Concretely: the existing application loads the config, then computes `dump_dir = configure(cfg.dump_dir)` returning either a valid dir or `nil`. If non-nil, add `ProxmoxAgent.Diagnostics.Writer` to the children list, before `ProxmoxAgent.Reporter`.

## Tests

Two targets, both in `agent/test/proxmox_agent/`:

### `diagnostics_test.exs`

- `enabled?/0` returns false when env key unset.
- `configure/1` with `nil` or `""` disables.
- `configure/1` with a valid path creates the directory and sets the env key.
- `log_command/4` with dumping enabled writes a well-formed entry containing the command, args, exit code, and raw body.
- `log_sample/2` with dumping enabled writes a well-formed JSON entry with the kind and payload.
- Both loggers are no-ops when disabled (no file created, no exception).

Uses `System.tmp_dir!() <> "/diag-<random>"` for the dump dir; cleans up on exit.

### `shell_test.exs` (extension)

One new test confirming that when dumping is on, `Shell.run/2` appends to `commands.log`. Uses a config where the shell command is `echo hello` so the test is deterministic and doesn't require `zpool` on the test host.

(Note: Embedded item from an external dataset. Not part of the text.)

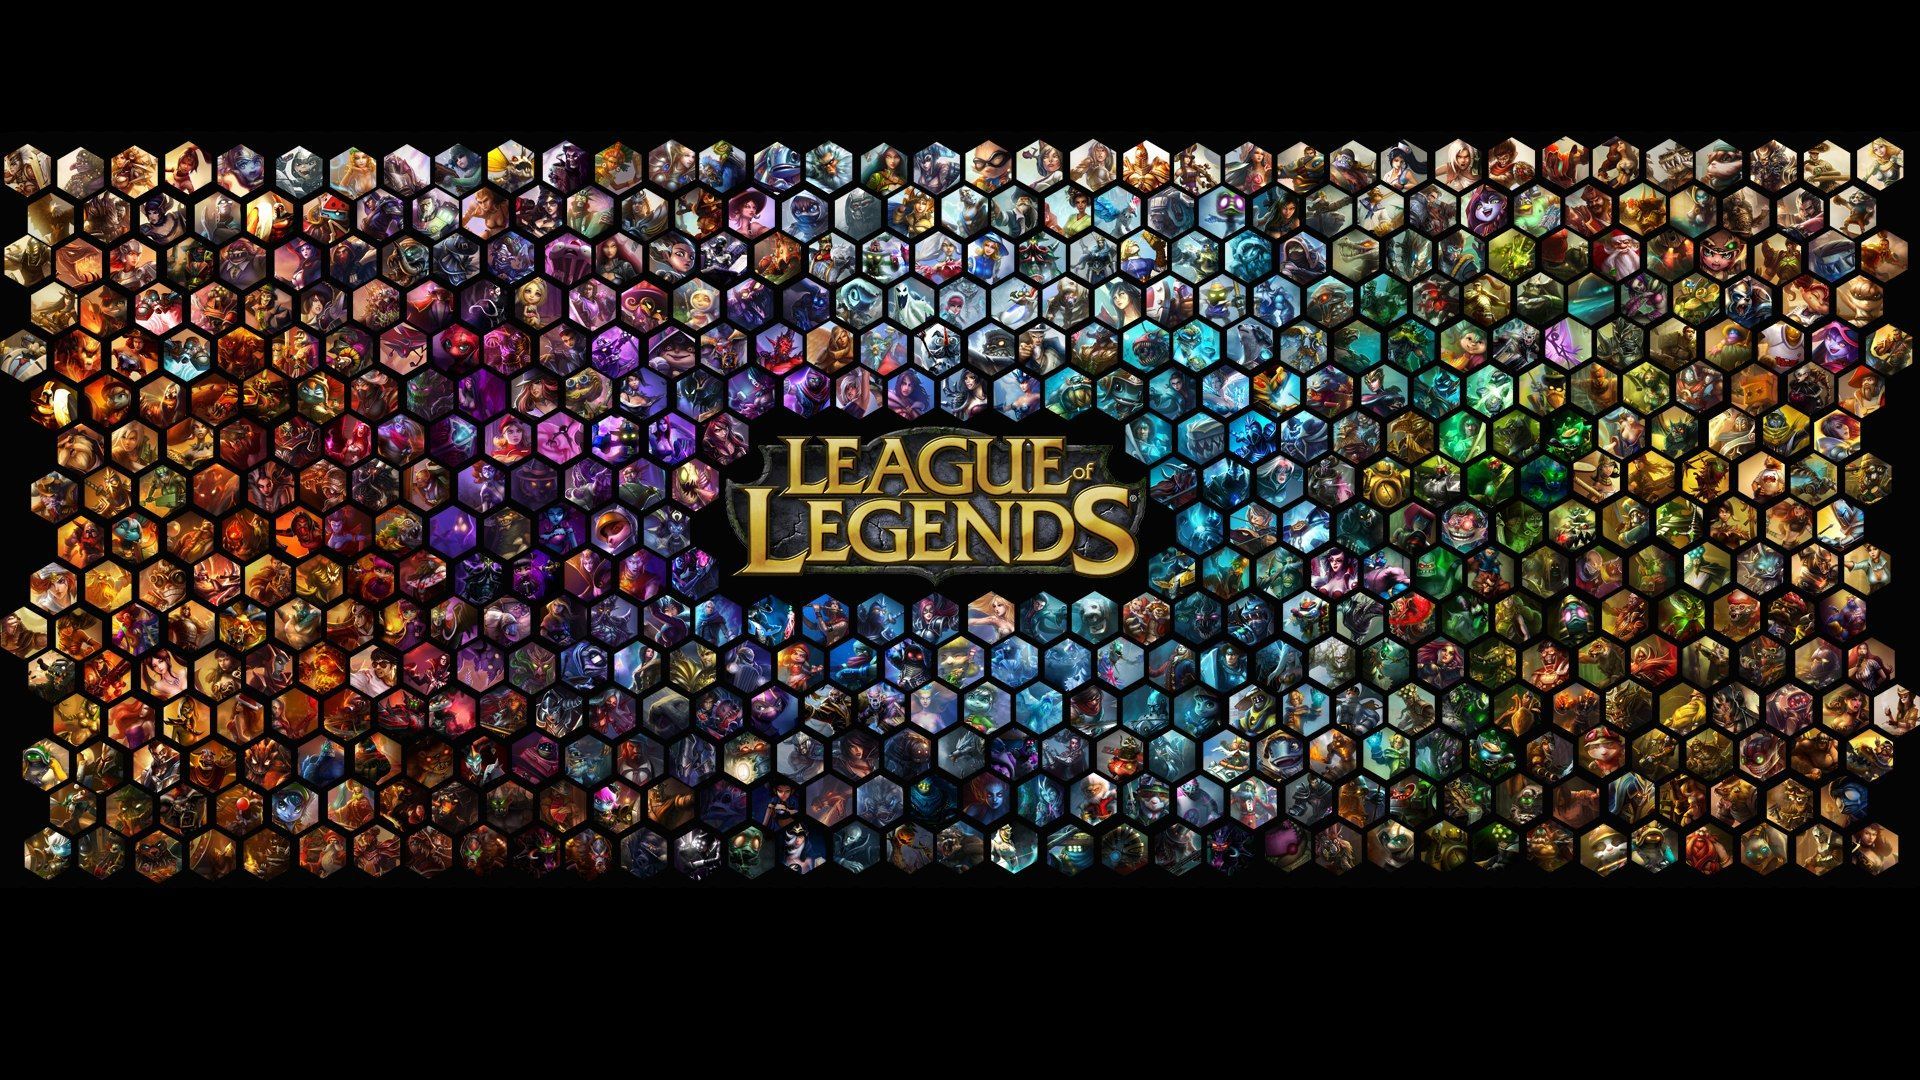 League of legends wallpaper 1920x1080 - (#44630) - High Quality ...

### `reporter` integration

Skipped — `Reporter` is a Slipstream client whose integration is awkward to mock. The `Diagnostics.log_sample/2` call is a one-line invocation with no branching; covering it via `diagnostics_test.exs` is sufficient.

## Risks

- **File size growth** — accepted. Verification is a bounded activity. A fast-path zpool status of ~12 KB every 30 s is ~35 MB/day. Bigger hosts more. User turns off when done.
- **Writer backlog** — if the writer GenServer falls behind (shouldn't, given small message rates — fast is ~30 s, medium ~5 min, slow ~30 min, and Shell calls are serialized by the collectors anyway), casts queue in the mailbox. Not a production concern; debug feature.
- **Concurrent shell errors during writer start** — if `Shell.run/2` fires before `Diagnostics.Writer` is up, `log_command` no-ops because `Application.get_env` returns nil until `configure/1` runs. The supervision order — Diagnostics.Writer before Reporter — ensures the dump path is primed before any collectors fire.

## Rollout

Additive. Default off. Operator enables by editing `agent.toml` and restarting the service. No migration, no impact on server or dashboard.